Tuesday, September 24, 2024

Cultural Curios: The Ass-Dollar







ass-dollar (n.) 1. Any piece of currency received in change so worn out and raggedy that the recipient rightfully concludes was almost certainly stored up some prior owner's tailpipe at some point in time. e.g. "I got two ass-dollars in change at the drive-thru."

Having received far too many exemplars of the type, we herewith officially coin the term. Use it widely with our sincerest benedictions. They have apparently overrun the circulating bills to the point that the Treasury Department no longer finds it convenient to remove them from circulation.

Just one more indicator of the true state of civilization, and its continued slippage towards mud-hut Turd World status.

Don't even bring up the actual value of same over time.

3 comments:

SiGraybeard said...

You know that Voltaire quote about paper currency always returning to the value of the paper? What happens when it costs more to print the dollar than the dollar is worth? It's not like they can go to a cheaper alloy, like the zinc pennies we've been using since the mid-80s. The cost of the paper in the dollar has to be going up - they're forcing it to.

Opie Odd said...

If you add enough zeros, that will take care of it - for a while.

Aesop said...

They've already crossed that threshold. The value of a $1 bill is already less, in real terms, than the cost to print one.
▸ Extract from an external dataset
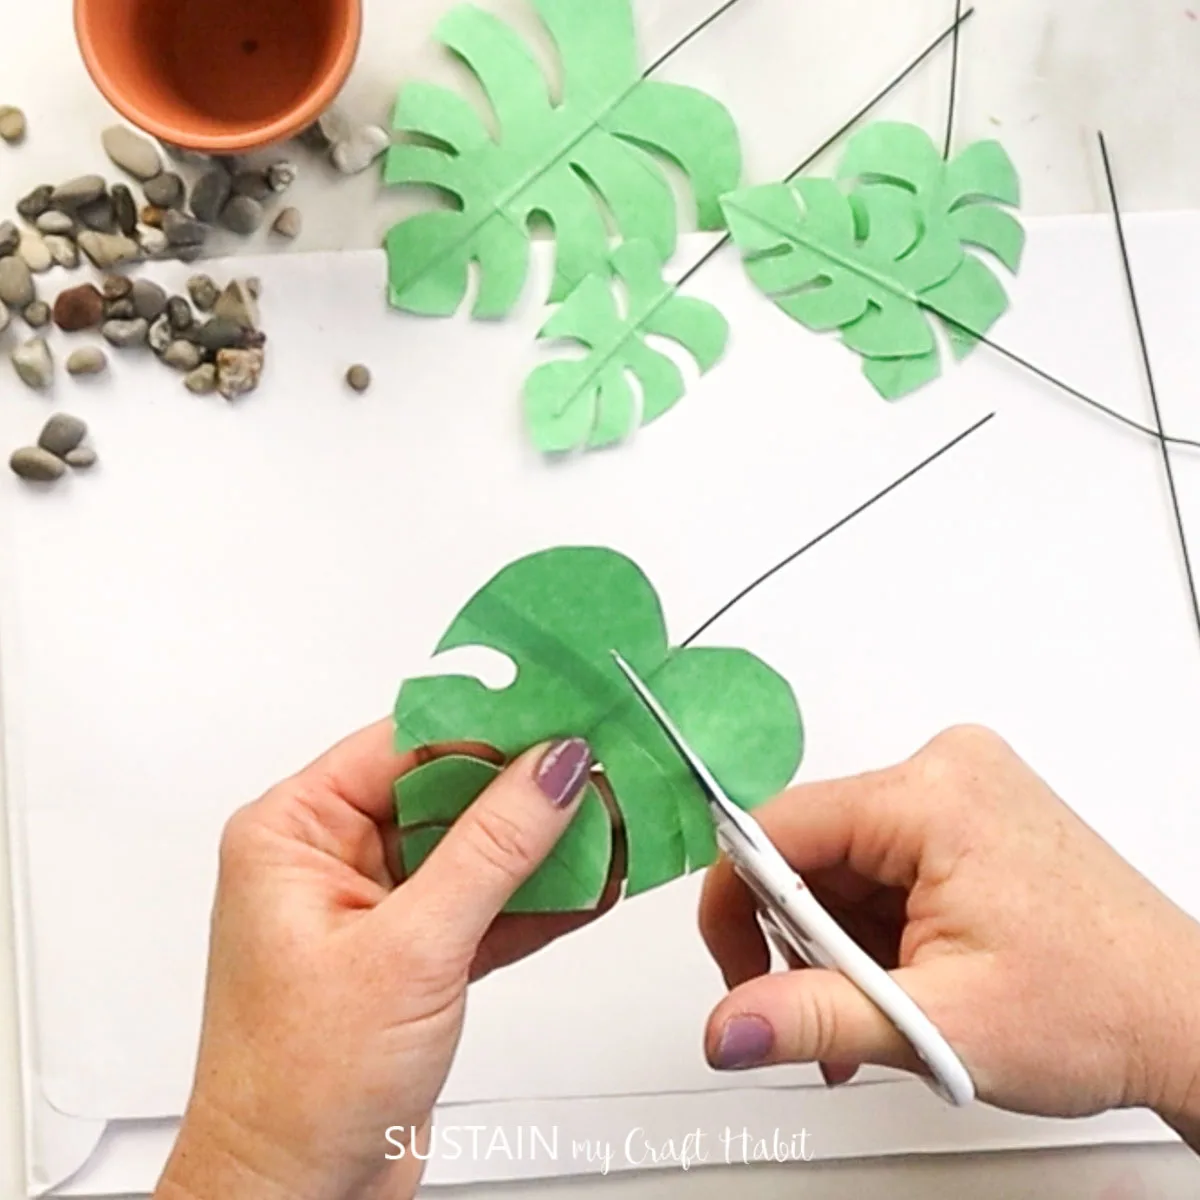 Cutting masking tape to form a leaf shape.

The spot price at the moment I type this is $2621.48/oz for gold, meaning a US dollar in 2024 is worth 0.78¢ (i.e. about 3/4s of 1¢) compared to a U.S. dollar from 1837-1933 (an inflation rate of over 12,600% since 1933), while it costs the Treasury Dept. between 2.8¢ and 5.4¢ to print a $1 bill, per various sources, i.e. about 4 to 9 times the value of the bill itself in real terms.

They would provide more long-term utility if they were printed on perforated toilet paper squares, taking the meaning of "ass-dollar" to a whole new level, while preventing them being discarded in the streets after the inevitable future financial collapse, unlike Weimar reichsmarks, Zimbabwean dollars, or Venezuelan pesos.